DeepLens: Interactive Out-of-distribution Data Detection in NLP Models

Da Song,Zhijie Wang,Yuheng Huang,Lei Ma,Tianyi Zhang
DOI: https://doi.org/10.1145/3544548.3580741
2023-03-03
Abstract:Machine Learning (ML) has been widely used in Natural Language Processing (NLP) applications. A fundamental assumption in ML is that training data and real-world data should follow a similar distribution. However, a deployed ML model may suffer from out-of-distribution (OOD) issues due to distribution shifts in the real-world data. Though many algorithms have been proposed to detect OOD data from text corpora, there is still a lack of interactive tool support for ML developers. In this work, we propose DeepLens, an interactive system that helps users detect and explore OOD issues in massive text corpora. Users can efficiently explore different OOD types in DeepLens with the help of a text clustering method. Users can also dig into a specific text by inspecting salient words highlighted through neuron activation analysis. In a within-subjects user study with 24 participants, participants using DeepLens were able to find nearly twice more types of OOD issues accurately with 22% more confidence compared with a variant of DeepLens that has no interaction or visualization support.
Human-Computer Interaction,Machine Learning
What problem does this paper attempt to address?

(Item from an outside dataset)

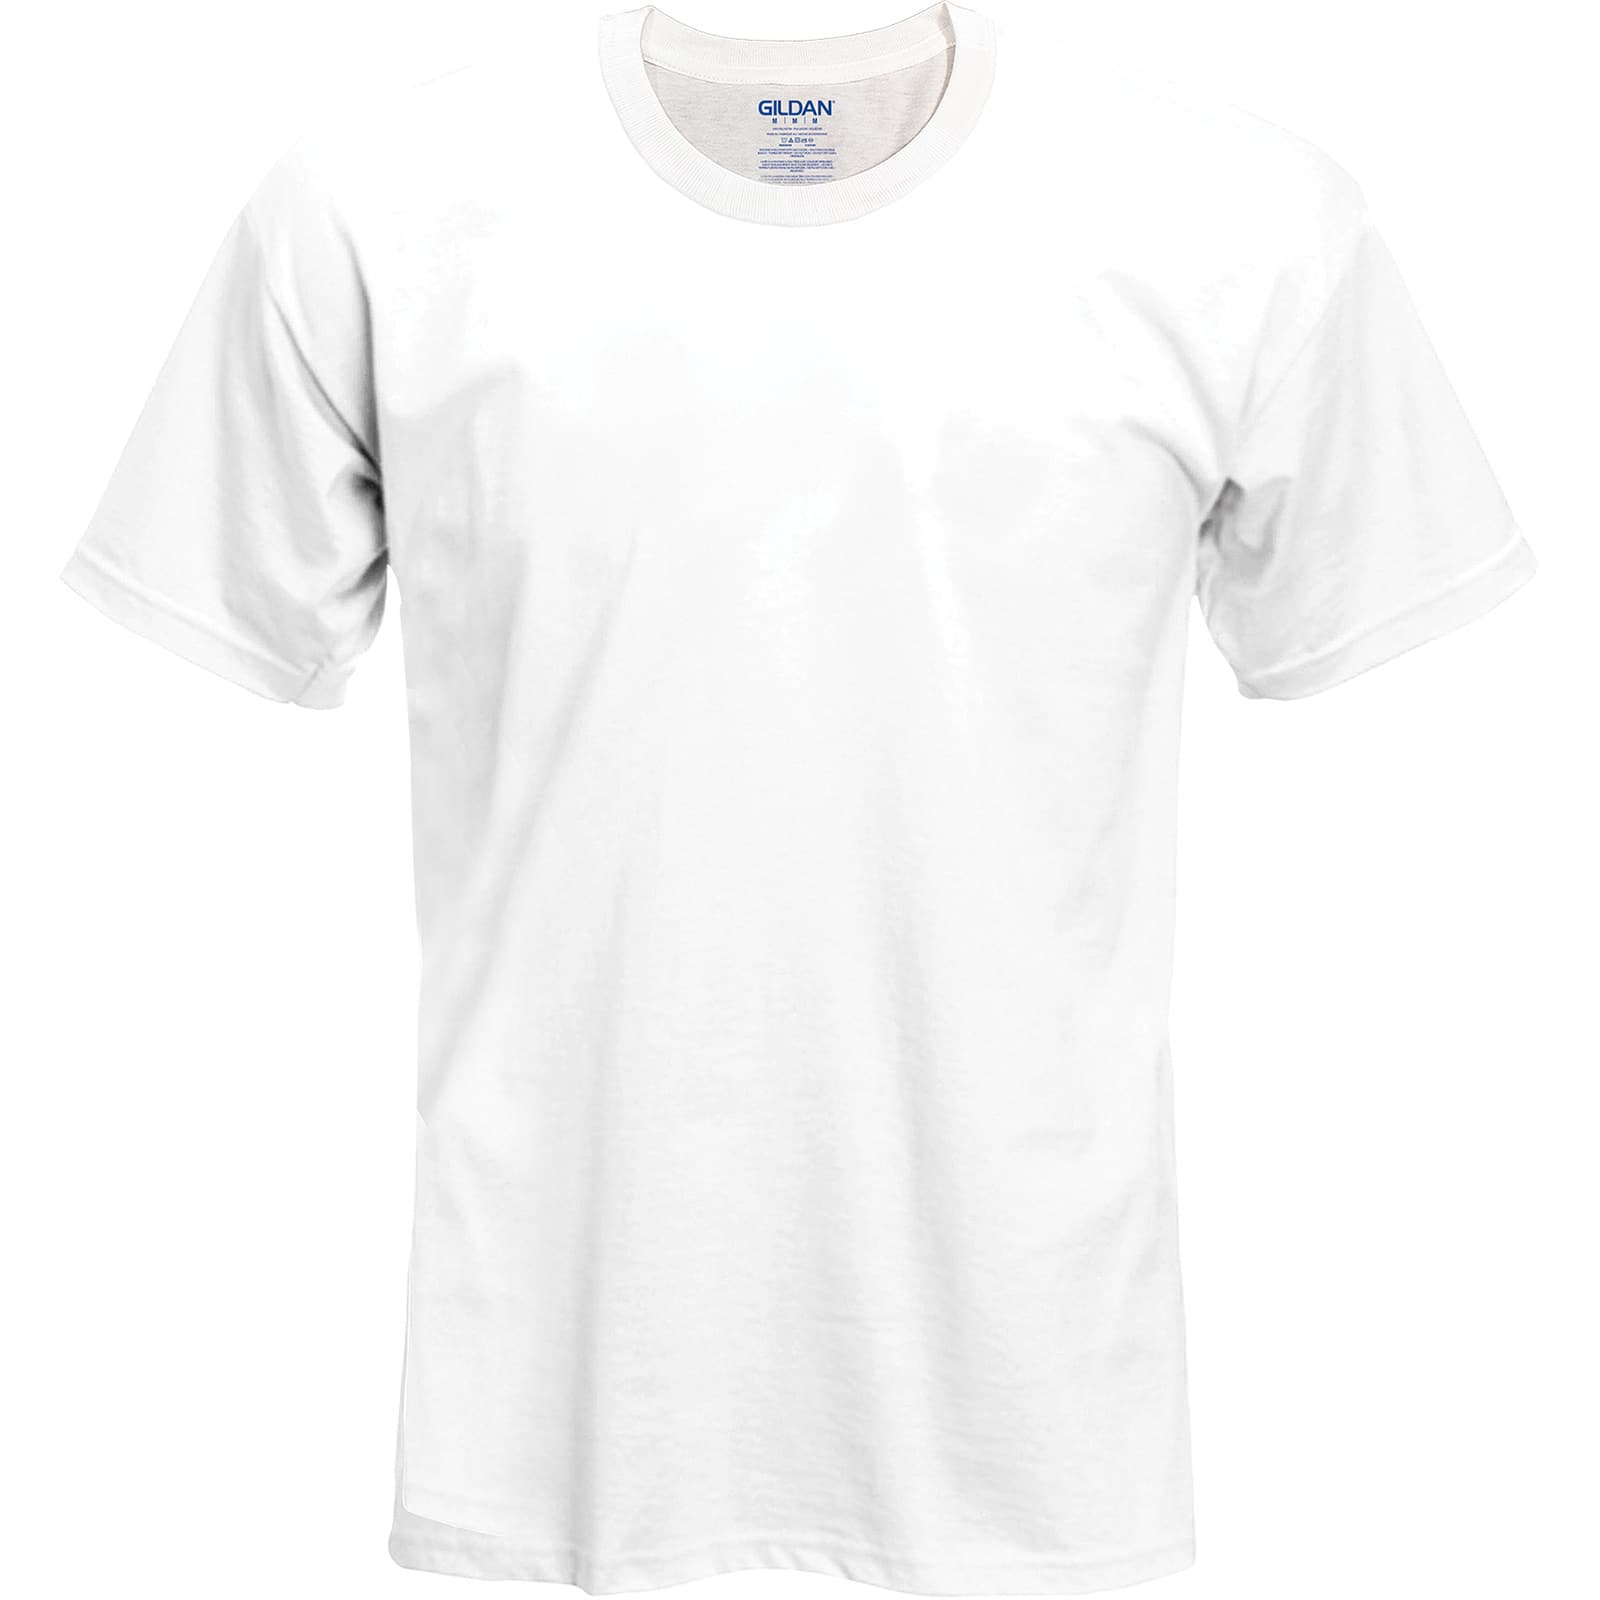 michaels white tshirt

The paper primarily addresses the issue of Out-of-Distribution (OOD) data detection and understanding faced by machine learning models in the field of Natural Language Processing (NLP). Specifically, the paper proposes an interactive system named DeepLens, aimed at helping users: 1. **Automatically detect** OOD data (meeting requirement N1) by dynamically identifying the proportion of OOD samples in the test data through threshold adjustment. 2. **Understand why certain data is marked as OOD** (meeting requirement N2) by comparing the differences between OOD samples and In-Distribution (ID) samples, and highlighting key terms in the text to aid understanding. 3. **Identify different types of OOD data** (meeting requirement N3) by grouping OOD data using text clustering methods and displaying keywords for each group to reveal potential themes. 4. **Compare OOD data with ID data** (meeting requirement N4) by allowing users to filter data based on predicted labels and then compare OOD and ID samples under the same label. 5. **Explore OOD issues from both global and local perspectives** (meeting requirement N5) by providing a cluster view for an overall overview and allowing users to delve into specific groups. The design of the DeepLens system is based on the Maximum Softmax Probability (MSP) calibration method to calculate OOD scores, and it incorporates various visualization tools and techniques (such as icon arrays, scatter plots, word clouds, etc.) as well as neural activation analysis algorithms to highlight important terms in the text. This helps users efficiently explore and understand OOD issues in large-scale text corpora. Additionally, the system underwent user studies, and the results showed that participants using DeepLens performed better in detecting and understanding different types of OOD issues compared to versions without interactive or visualization support.